Arron Banks is someone who stated that “I wanted to make the Conservative Party conservative again.” even though the Conservative Party had a rich history of being pro-Europe, even taking them into it under the government of Edward Heath. But the question becomes that, if there is no specific ideological goal or plan within Johnson’s premiership, that means that it’s harder to pinpoint an ideological position on which to place his critique on. Some state that the party has become obsessed with Brexit, or instead has become too involved with populism. Many of Boris’s critics, especially those of other political parties have indeed compared him to former President of the United States, Donald Trump. His backers, though, usually talk about Boris’s ability to win as a factor of why he should remain in power, as any party is able to manifest their ideals whilst in power. The question therefore becomes, has the Conservative Party’s desire to win lost them the election?

History

Historically, a Conservative Party winner has been someone who has brought something new. The only Conservative Party Prime Ministers to have reached over 400 seats were Lord Salisbury and Stanley Baldwin, who both developed conservatism and were political teachers. Similarly, Thatcher was someone who changed what conservatism was and brought the party from one election win in five, to three straight wins, and two landslides. Now, while there is no such thing as a perfect Prime Minister, it shows a blueprint of how the Conservative Party is able to adapt and win. Cameron attempted this with his modernization, but the financial crash saw a revert back with his economic policies. However, he did still change policies in the party to create a modern idea of what conservatism could be, with the legalization of gay marriage. 

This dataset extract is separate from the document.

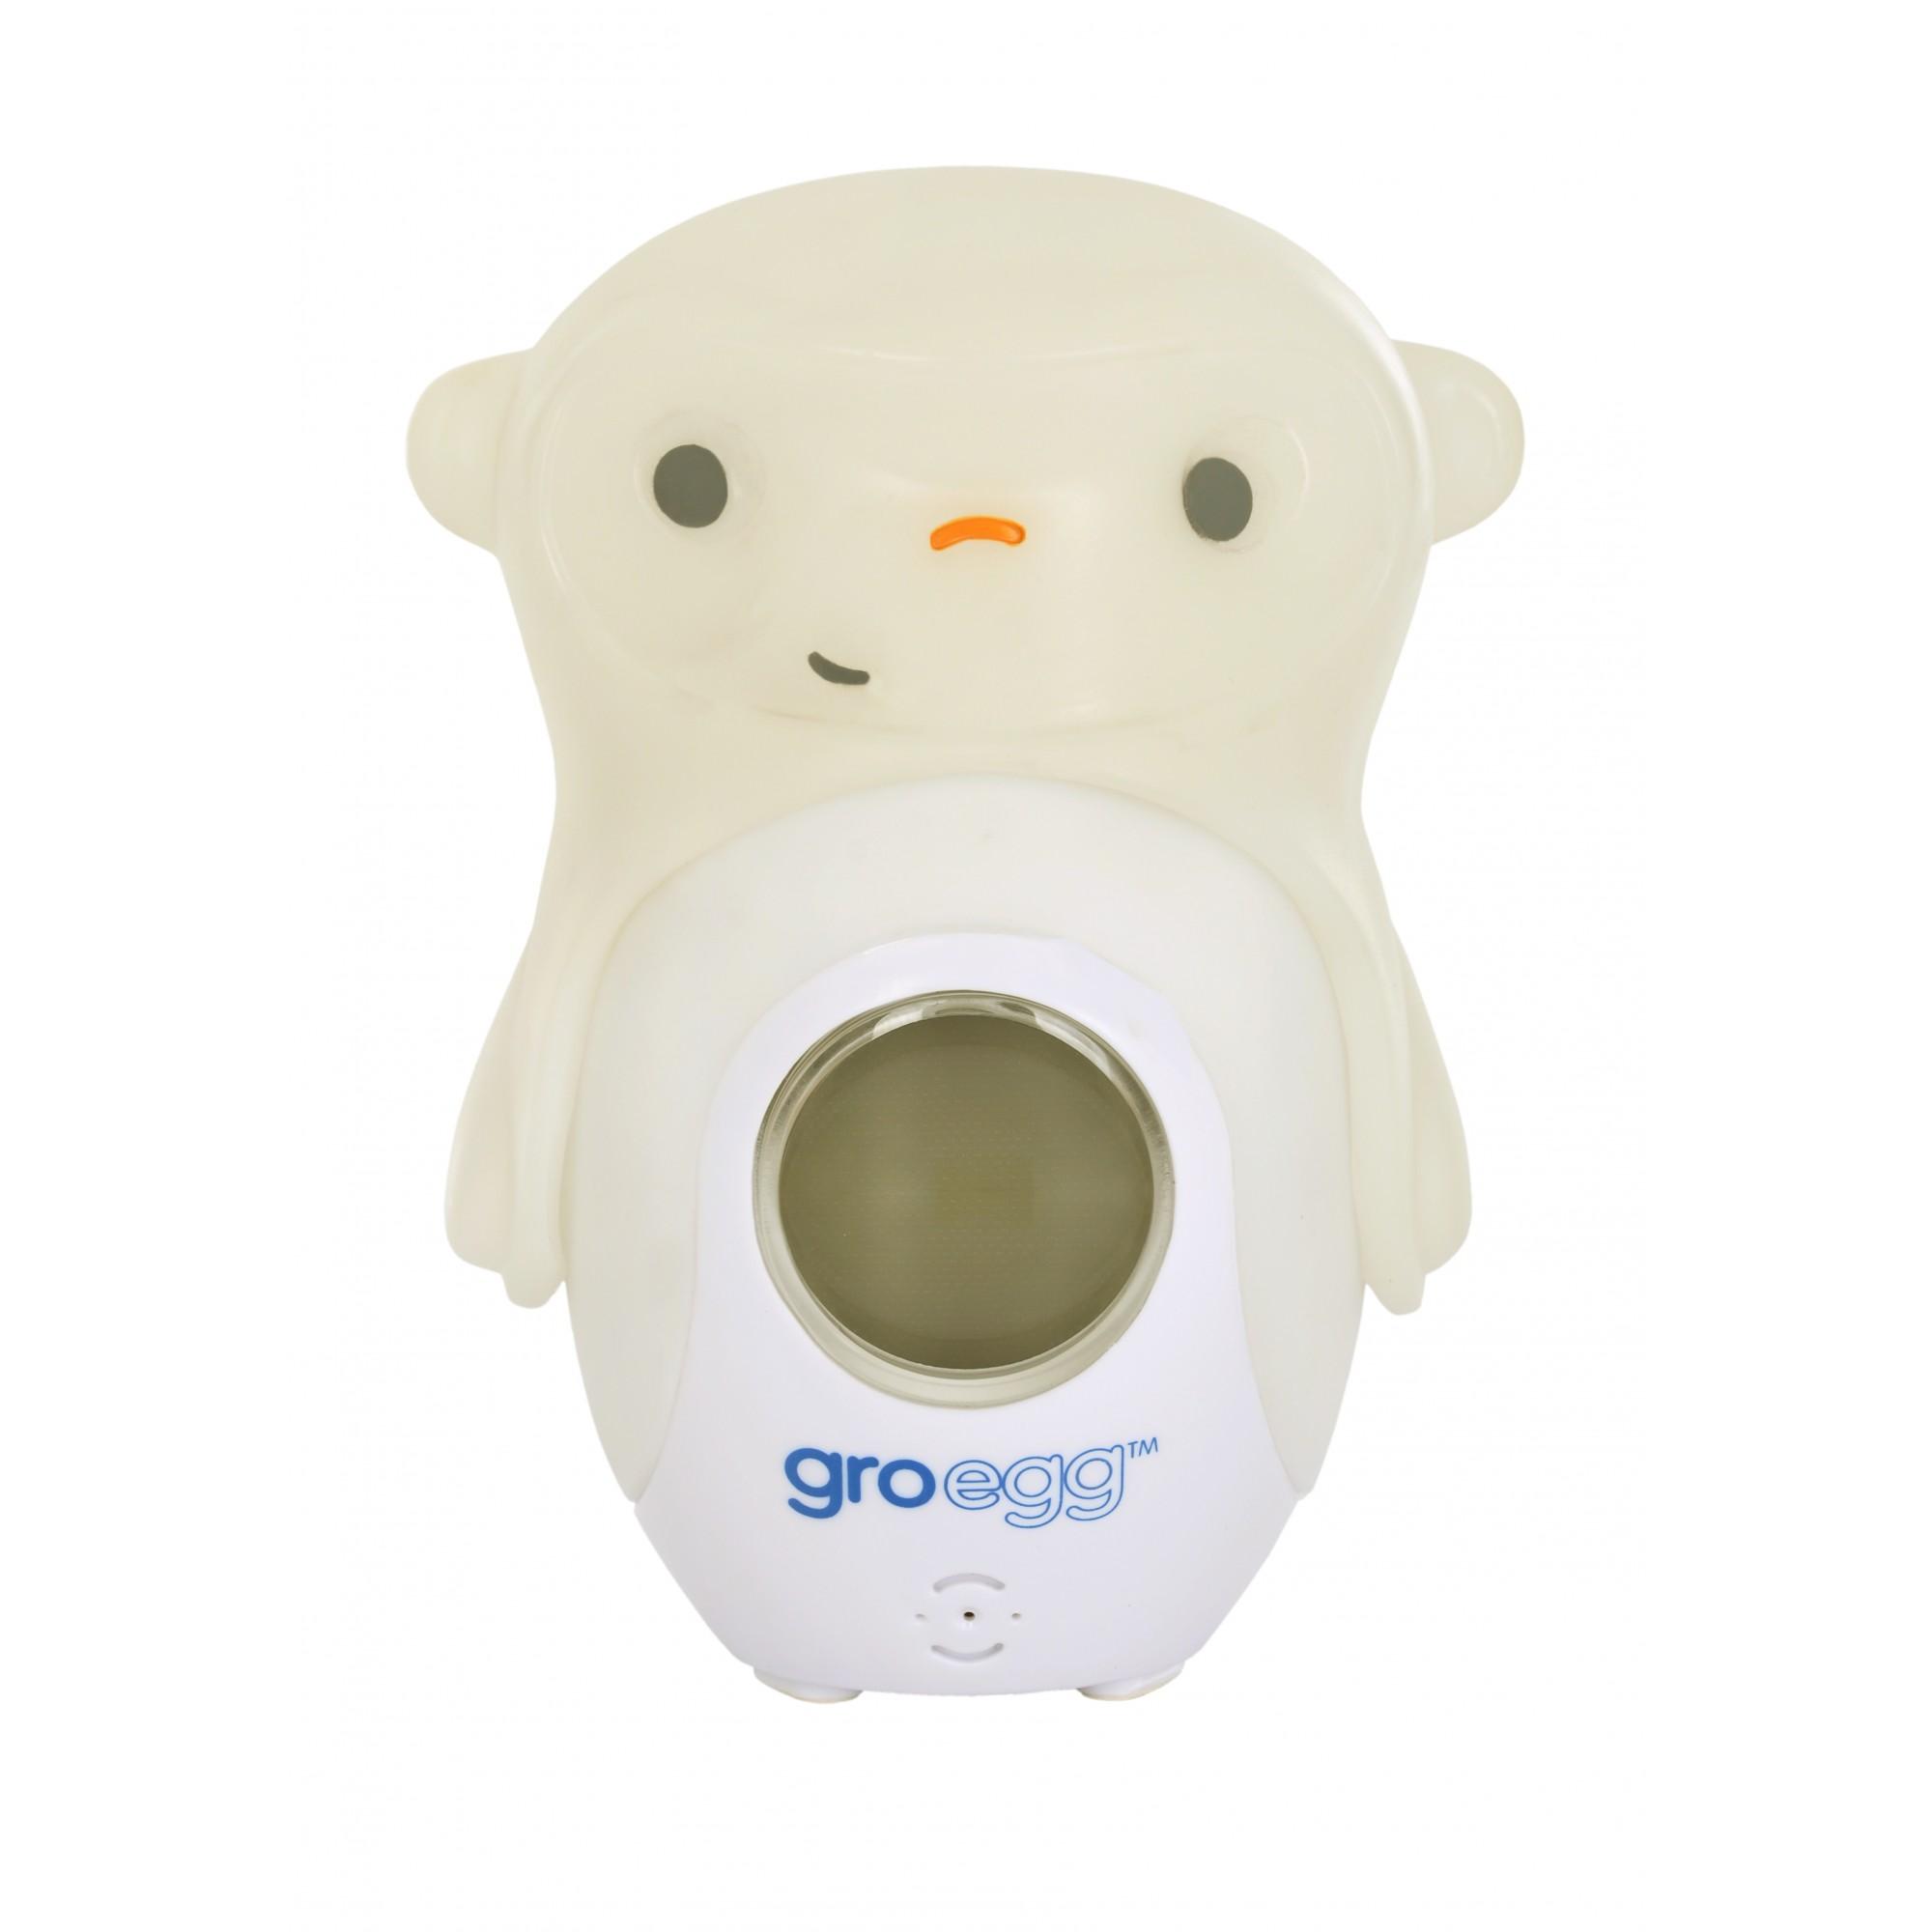 Husa pentru Termometru lampa cu USB, Maimutica Mikey, Gro

Boris Johnson is a winner. He won decisively in the 2019 general election, and he won two London mayoral elections (the only Conservative to do so). This part is a factor in why some within the party most likely were more favorable towards him, despite the polls. He is known as someone who can shake off controversy. But with the Partygate scandal, this is something which will likely have to take it to a new level. Most polling places him as a negative figure, especially in personal ratings as compared to his opposition, Sir Keir Starmer, who is not viewed especially overwhelmingly positively himself. Yet despite the most recent issues in regard to polling, Boris’s previous electoral successes are something that are highlighted as something to draw upon as hope for the future. 

Boris’s World

When assessing this, we need to understand what does Boris actually believe in? It appears to me that Boris has no concrete ideological foundations from which he has built his government. Within modern times, there are two main branches of conservative thought: one-nation conservatism and Thatcherism. During the election campaign, Boris tried to paint himself as the former, while critics deemed him to be the latter. The reality is that the opposition will always dictate a conservative as a Thatcherite because certain communities still bear the trauma of her controversial tenure. Yet despite this, he does not appear to be a one-nation Conservative as he claimed during the 2019 election campaign. He has no grounded ideological positions, but merely places himself in whichever area is advantageous for his goals. This has been seen with the Brexit debacle, with his original position being to remain, before switching as the referendum took place. He switched his position when he thought it was better for him. Though u-turns are not necessarily bad, it shows that Boris is someone who is showing self-interest, picking a side based on what he thinks is best for his career rather than a clear ideological vision. 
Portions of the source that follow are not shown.